**Data below**
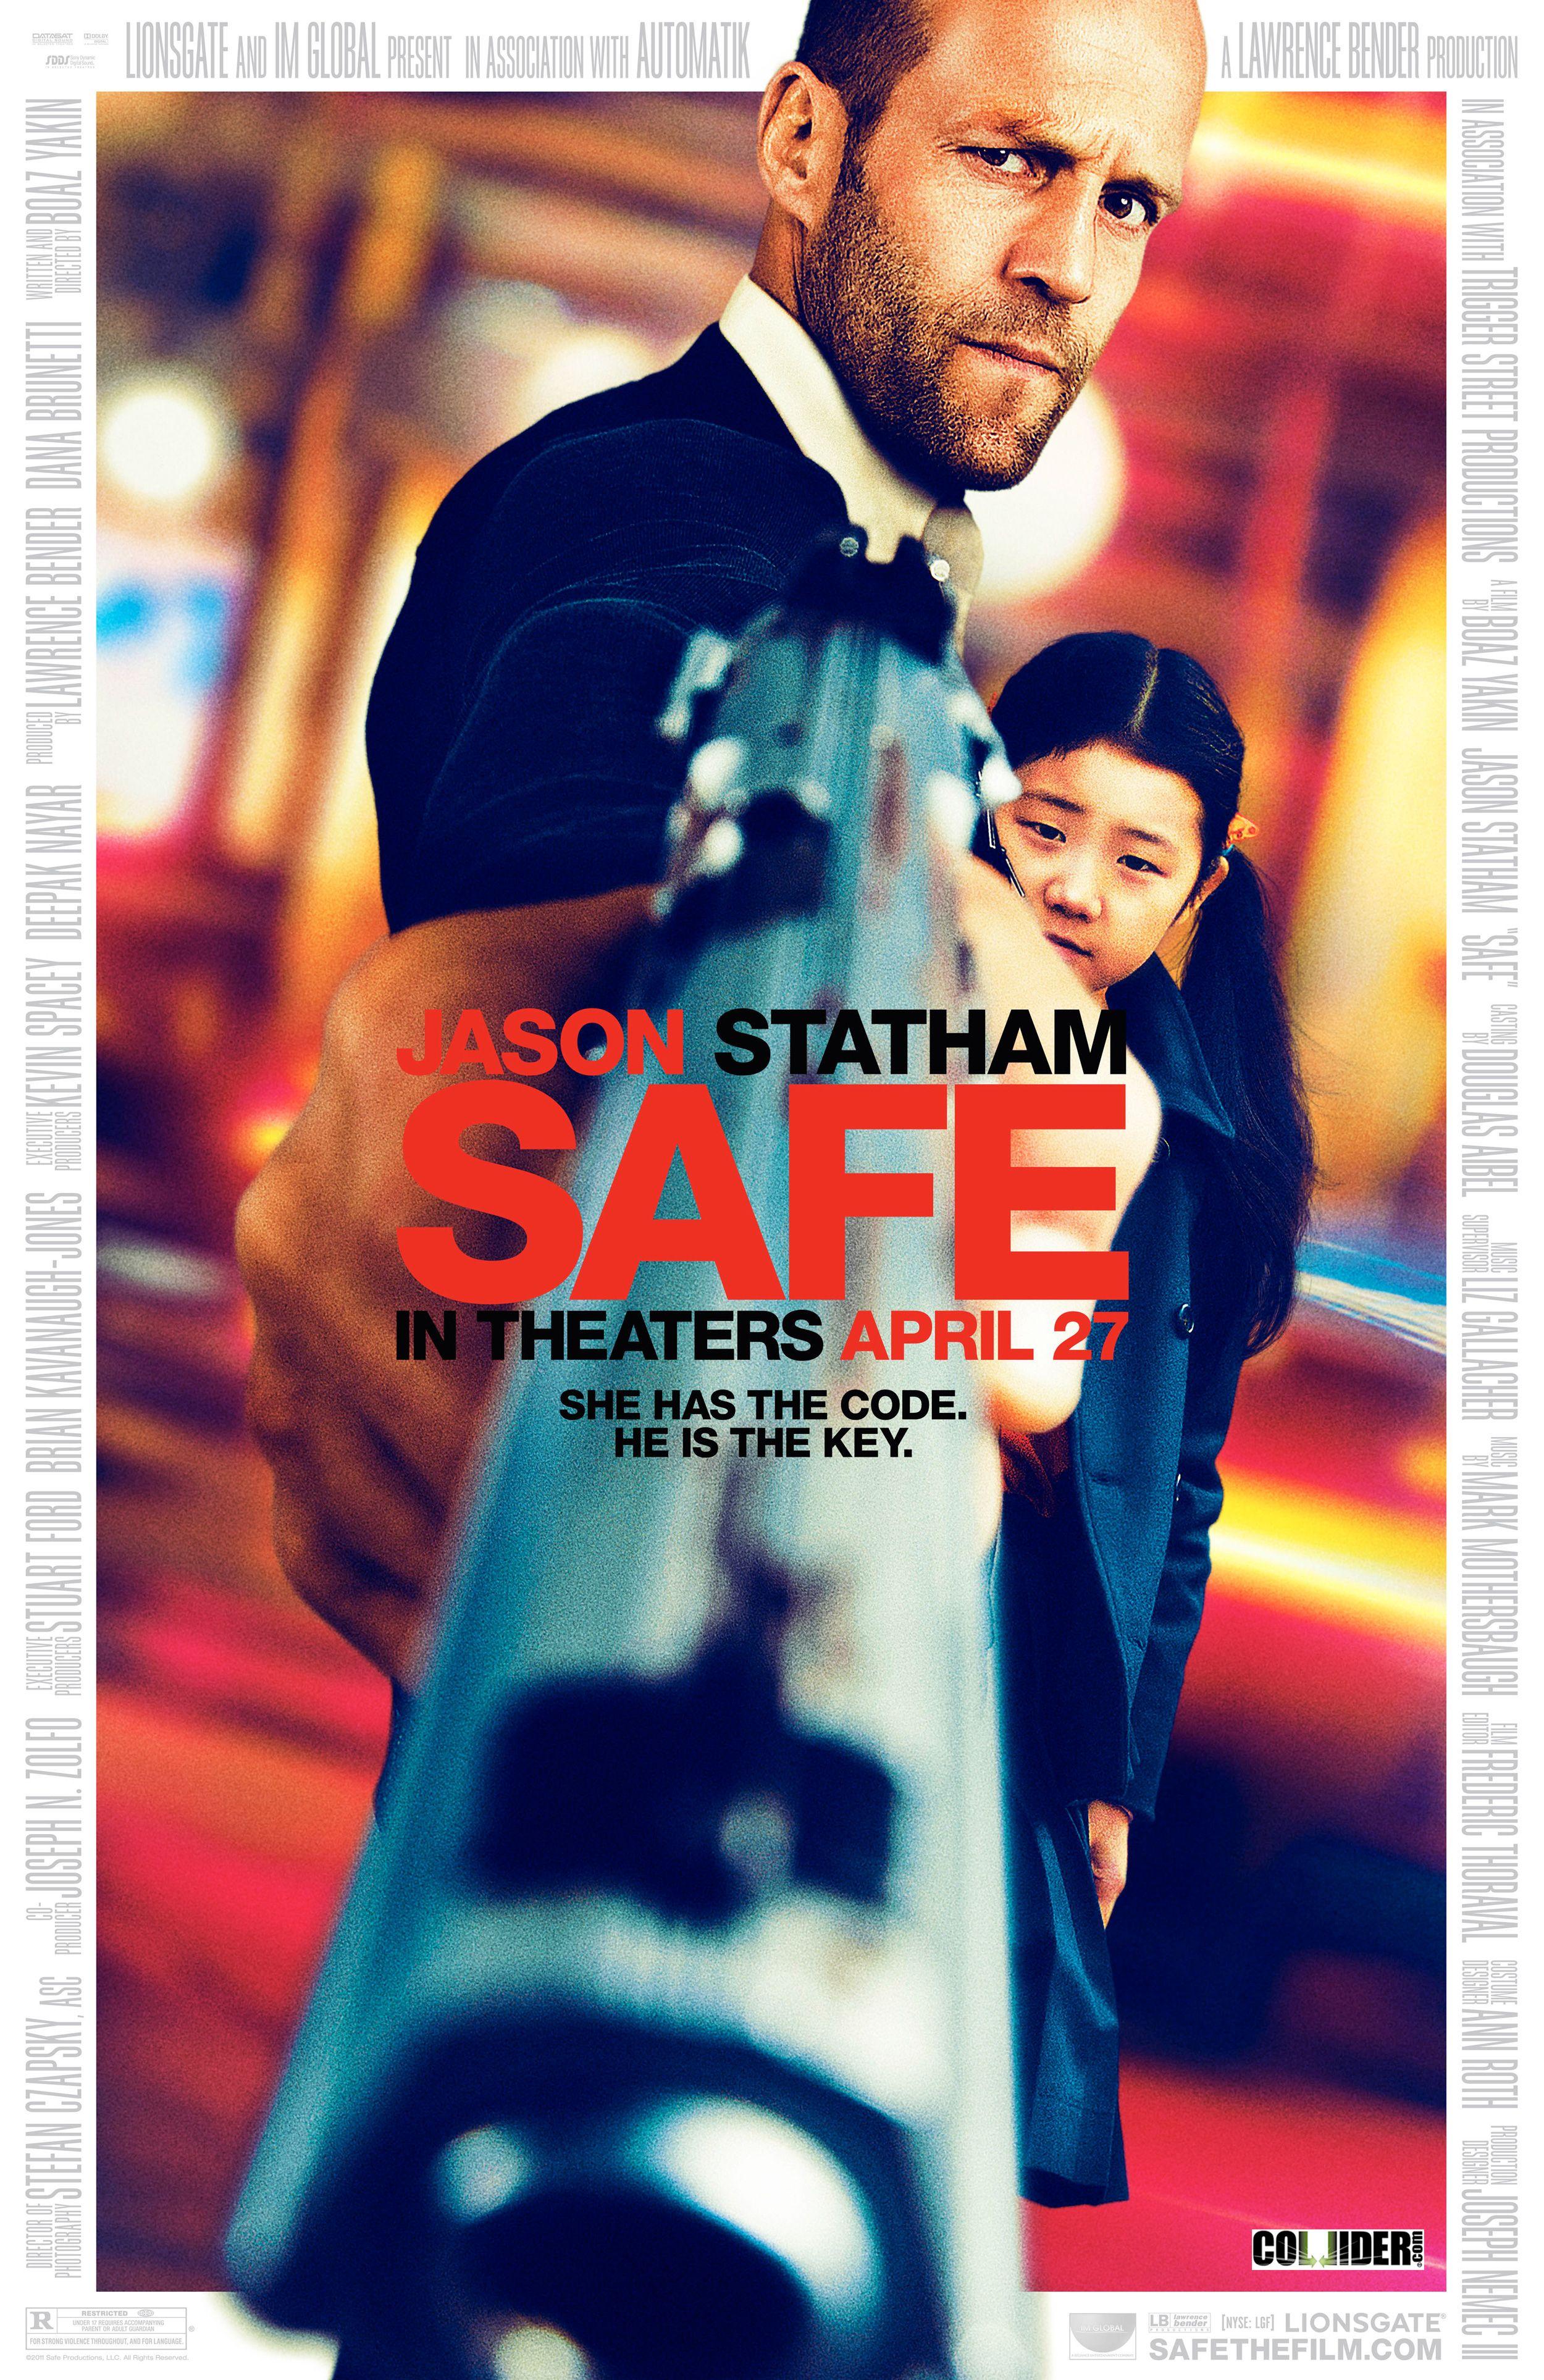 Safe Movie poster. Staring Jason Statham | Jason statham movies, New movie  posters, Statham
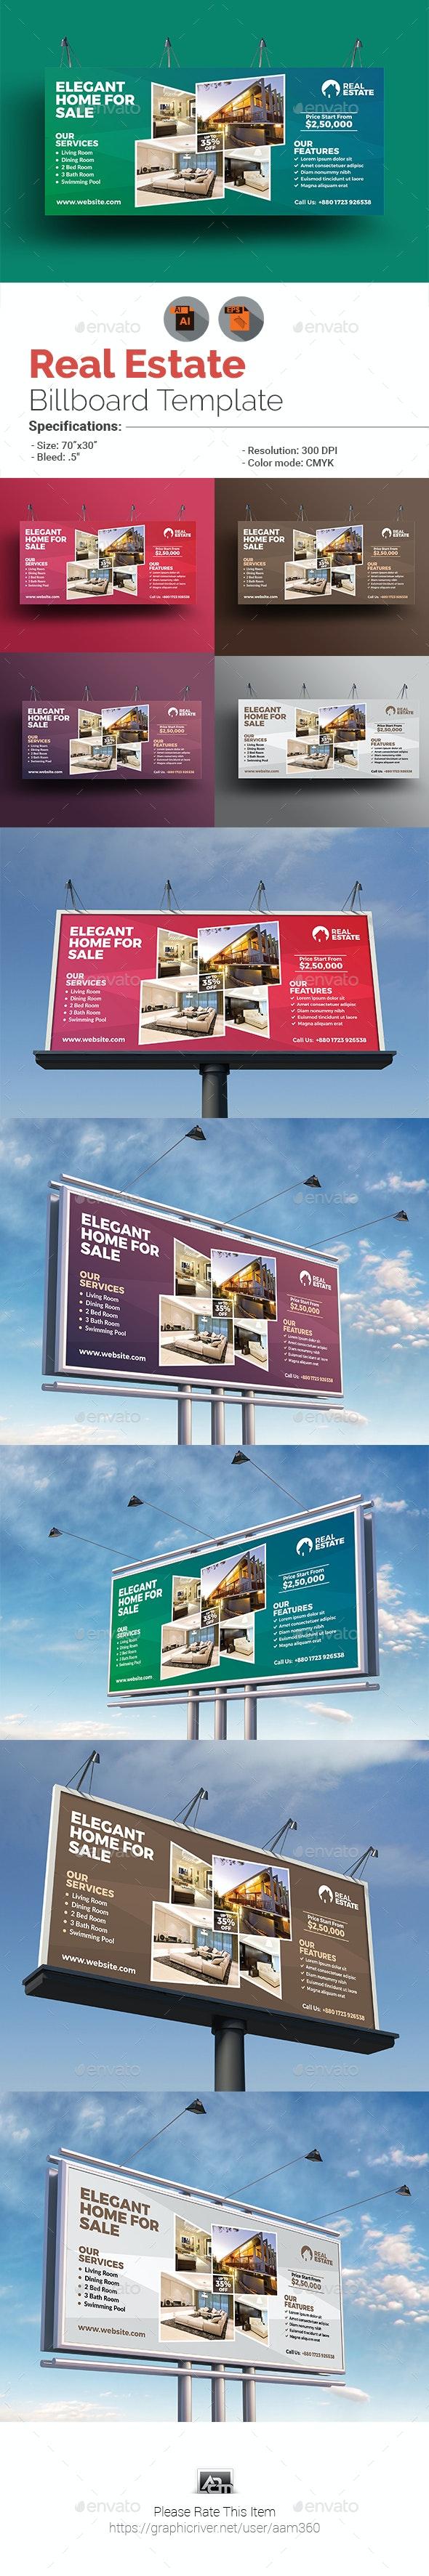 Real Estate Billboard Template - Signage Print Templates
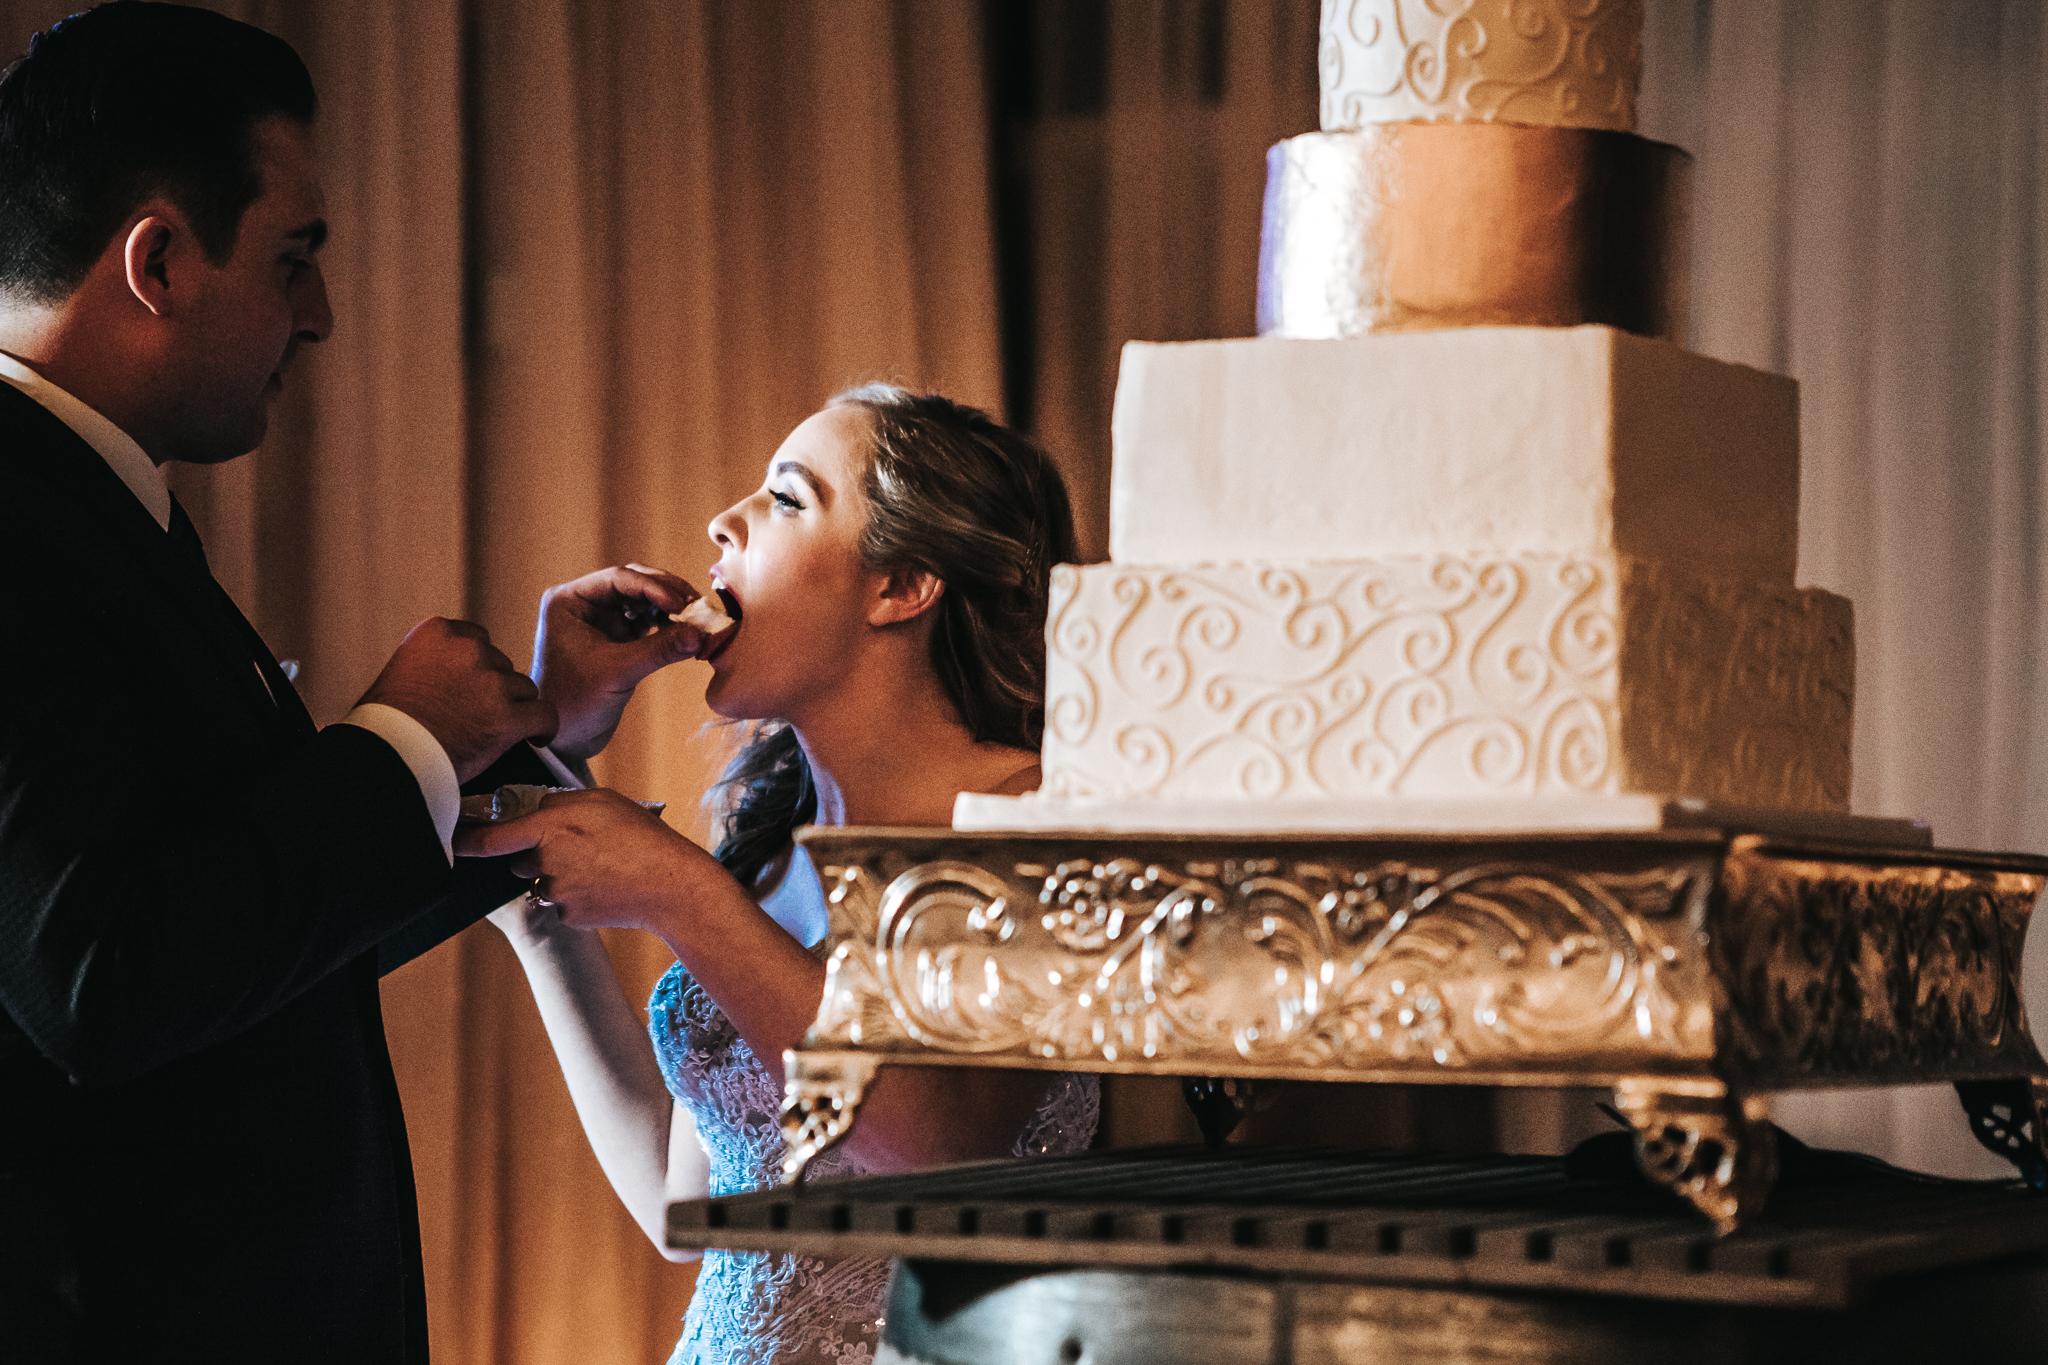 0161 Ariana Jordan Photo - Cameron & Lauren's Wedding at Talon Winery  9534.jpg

**Brief**
Copy out exactly the lines from the one with "Real Estate Billboard" through the end of the listing, both ends included, omitting any picture.

**Response below**
 Real Estate Billboard Template - Signage Print Templates
 0161 Ariana Jordan Photo - Cameron & Lauren's Wedding at Talon Winery  9534.jpg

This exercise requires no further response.